Regional inflation: still standing out above the European line
Inflationary pressures are easing, but the pace of price growth remains fast in the countries of Central and Eastern Europe. Hungary led the negative ranking for a long time and still records high inflation, but Romania currently shows even worse figures. By contrast, the Czech currency environment has remained persistently stable.
In 2025, the inflationary environment in Europe has become more stable overall, with the European Union and the euro area moving closer to central bank targets. At the same time, price growth in Central and Eastern Europe – particularly in the Visegrád countries and Romania – has continued to exceed the EU average. According to Eurostat’s Harmonised Index of Consumer Prices (HICP), annual inflation in the European Union during the first half of 2025 typically ranged between 2.4 and 2.7 percent, while in the euro area it stood at around 2.1–2.3 percent, already close to the European Central Bank’s 2 percent target.

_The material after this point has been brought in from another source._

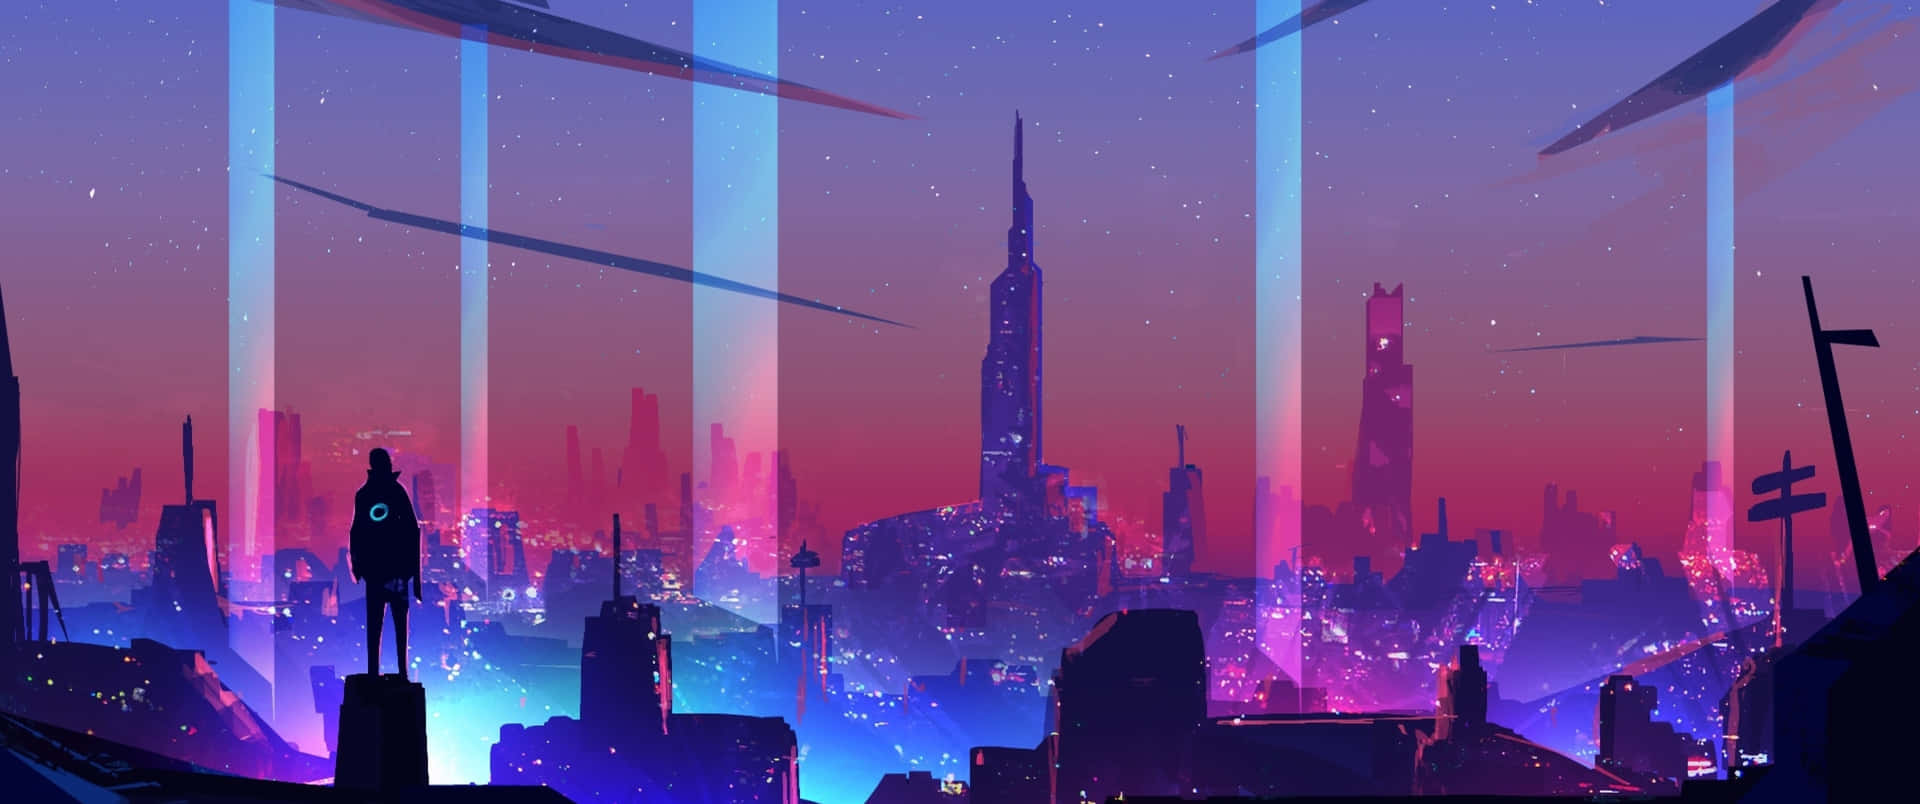 A Futuristic City With A Blue Sky And Colorful Buildings Wallpaper

In Hungary, inflation in 2025 continued to exceed the EU average. Based on national data, Hungarian harmonised inflation fluctuated between 4 and 5.5 percent in the first months of 2025, placing the country in the upper third of the EU ranking. Although this represented a significant improvement compared to the extreme peaks of 2022–2023, price pressures remained stronger than in Western Europe, especially in the case of food and services.

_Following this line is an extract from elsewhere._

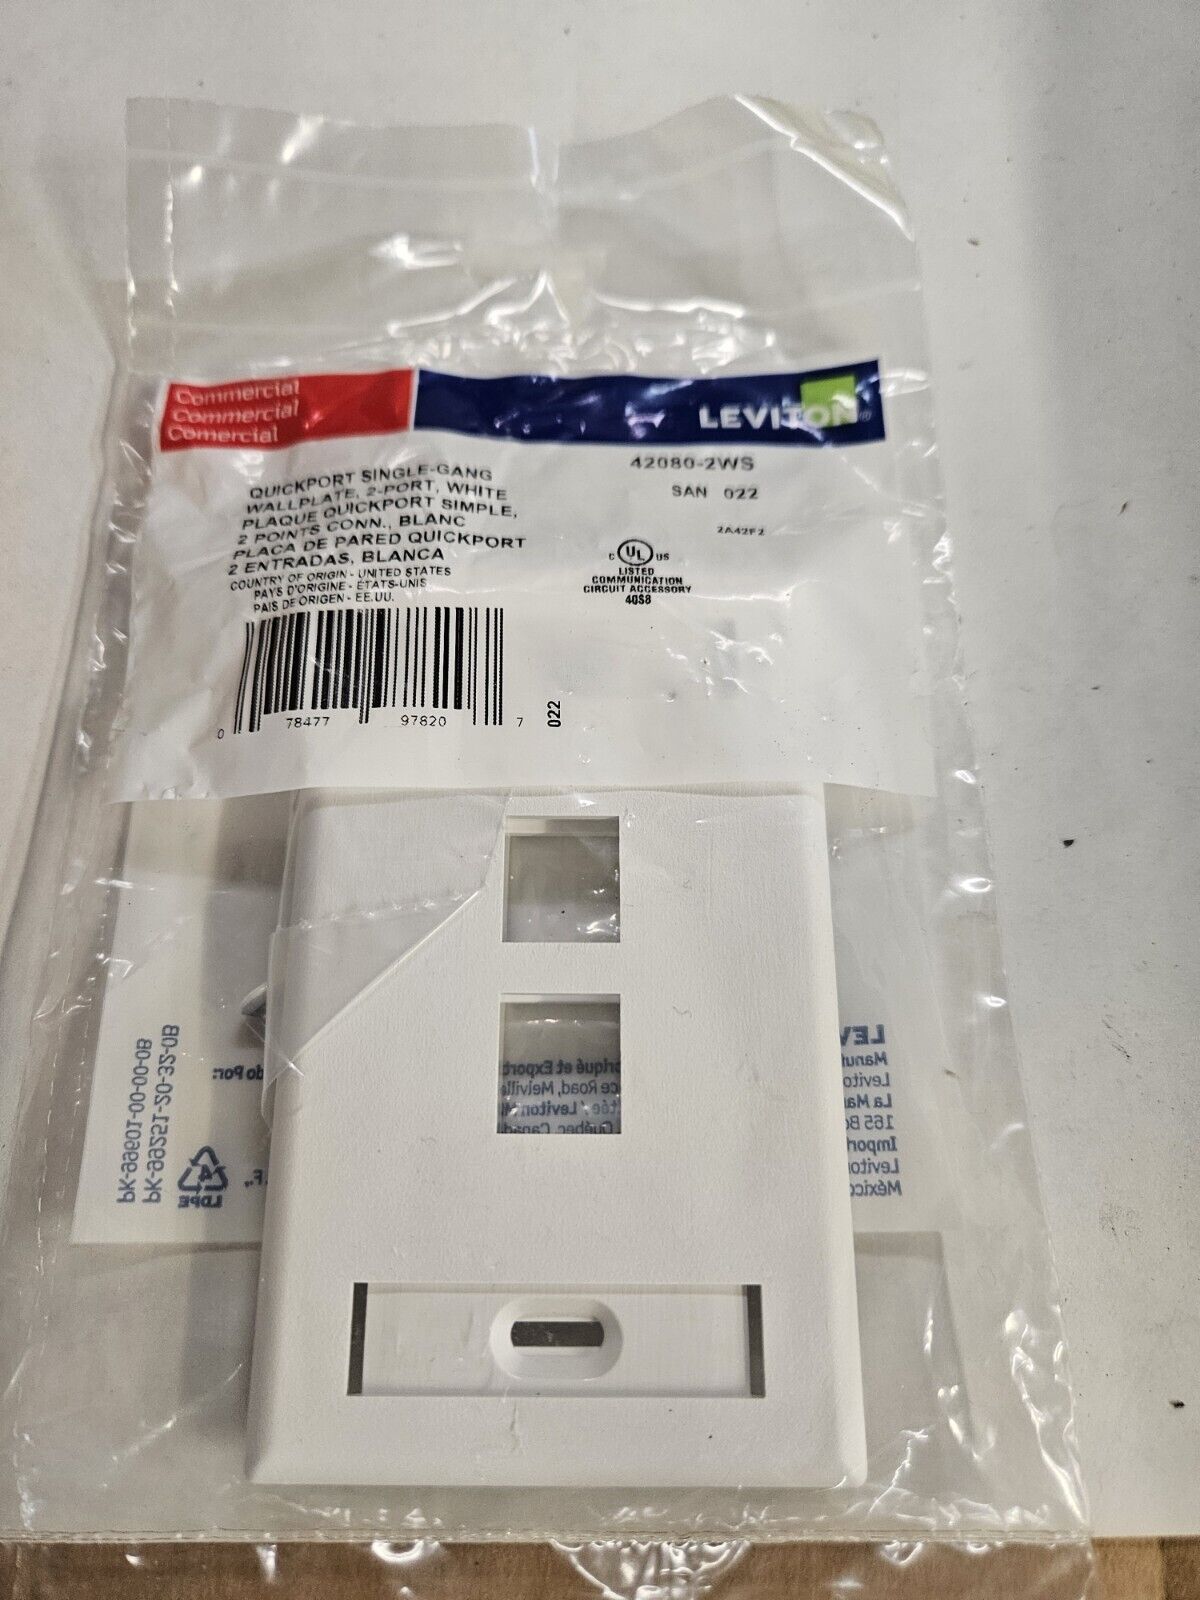 New 42080-2WS 2-Port 1-Gang QuickPort Wallplate with ID Window, White

In Poland, inflation in 2025 was more moderate but still above the EU average. Harmonised data show that annual inflation stood at around 4 percent in the spring of 2025, lower than in Hungary but higher than the euro area average. Poland’s inflation path appeared more stable than in previous years, yet price increases remained clearly perceptible for households.
The Czech Republic clearly stood out from the region in 2025 due to its lower inflation. According to harmonised indicators from the Czech Statistical Office and Eurostat, annual inflation generally moved between 2 and 3 percent in 2025, in several months remaining close to or below the EU average. At the beginning of 2025, Czech inflation was approximately 2.0–2.6 percent, which is considered moderate by European standards.

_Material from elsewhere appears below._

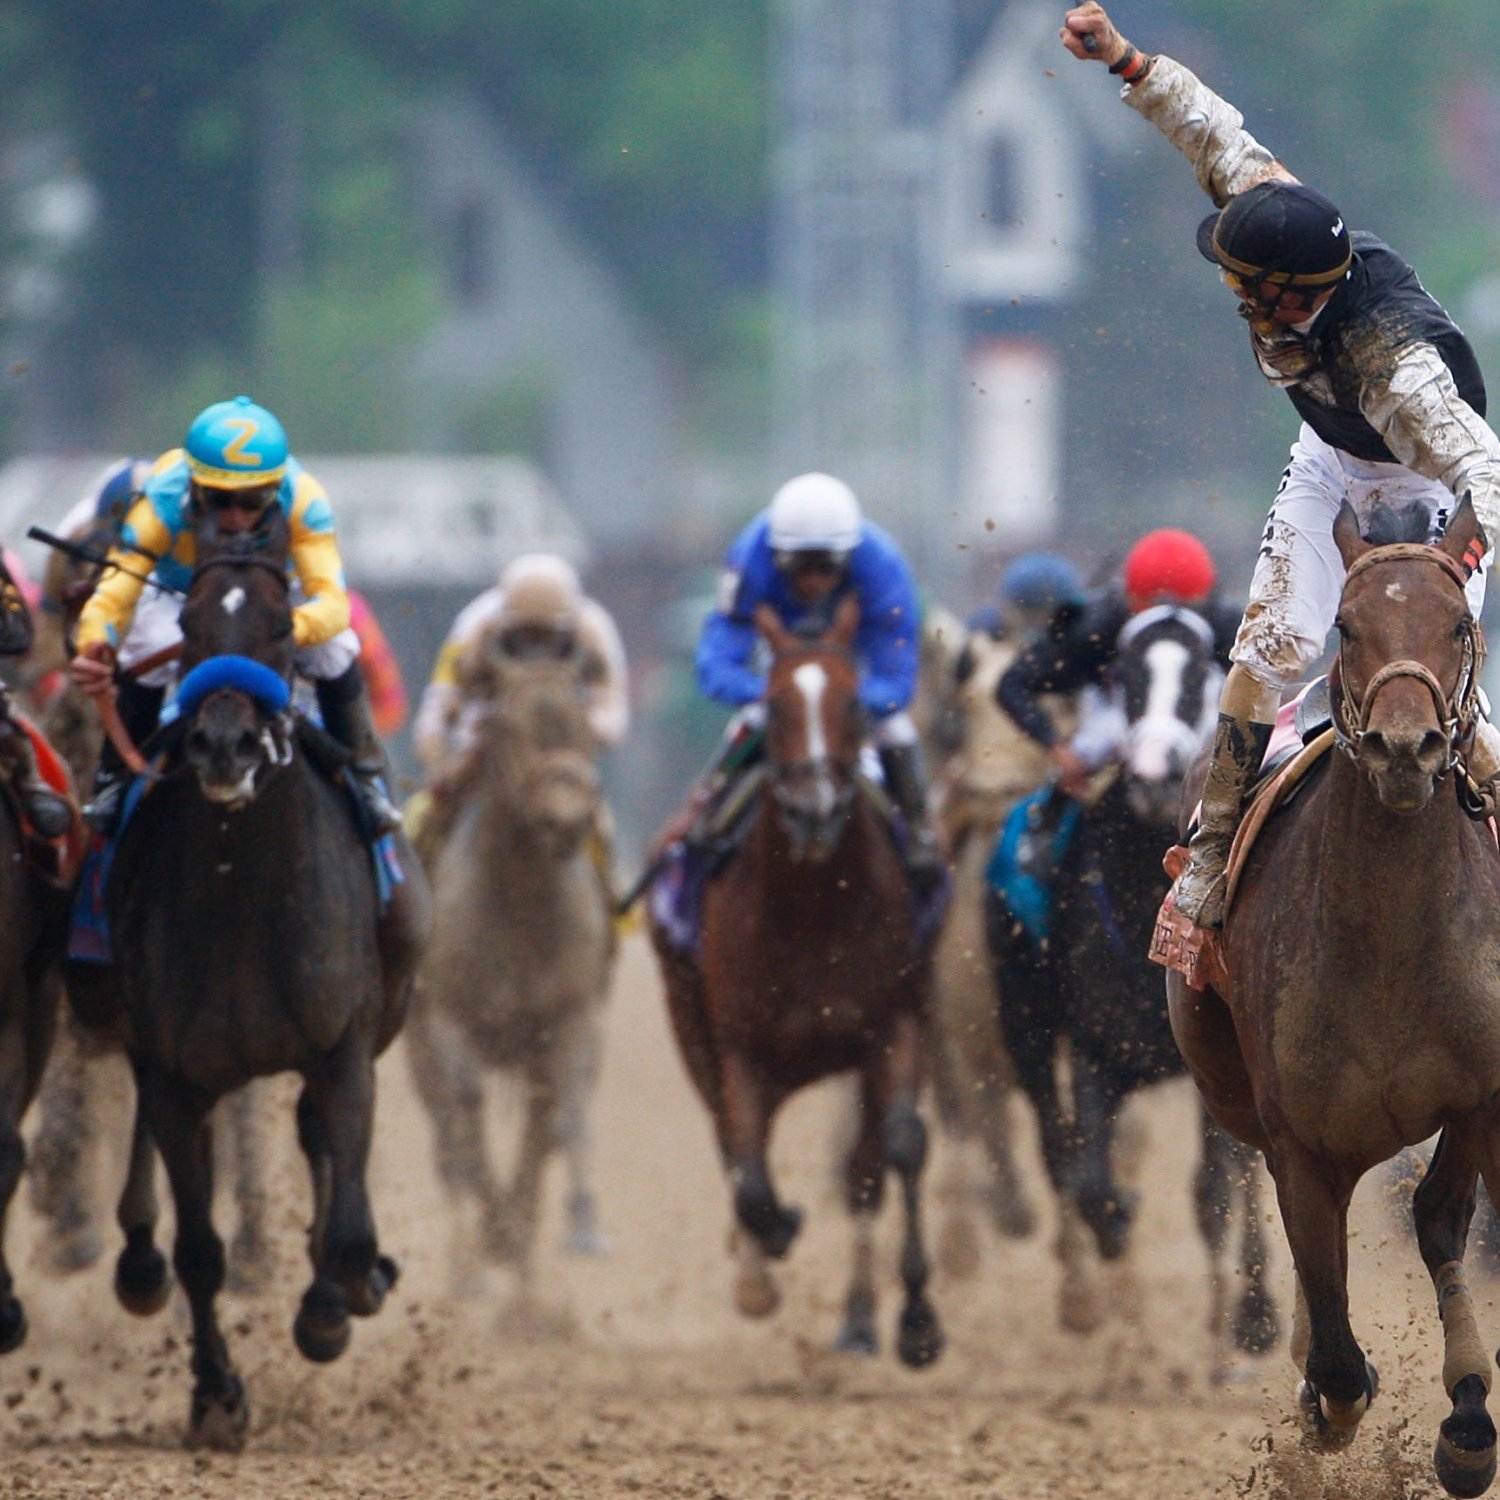 Kentucky Derby 2012 Why This Is the Year for a Longshot Winner

Slovakia’s inflation profile in 2025 represented a middle ground between the Czech and Polish models. As a member of the euro area, Slovakia’s inflation was directly influenced by the European Central Bank’s monetary policy; however, the effects of energy and food prices as well as tax changes meant that annual inflation during the first half of 2025 generally hovered around 4 percent. This level exceeded the euro area average but did not stand out within the EU.
Romania remained one of the European Union’s highest-inflation countries in 2025. According to data from Romania’s statistical office, annual inflation ranged between 4.8 and 5.5 percent in the spring of 2025, while harmonised inflation exceeded the EU average in several months. Reports by ActMedia and Agerpres indicate that Romania appeared repeatedly near the top of the EU inflation ranking in 2025, particularly due to rising food and service prices.
To interpret the current inflationary situation, it is also important to look back at earlier peaks. During the 2022–2023 period, countries in the region – especially Hungary – experienced much stronger inflationary shocks than Western Europe. Some analyses suggest that high energy import dependence, fiscal stimulus, and the distorting effects of price controls contributed to inflation not only rising higher but also declining more slowly.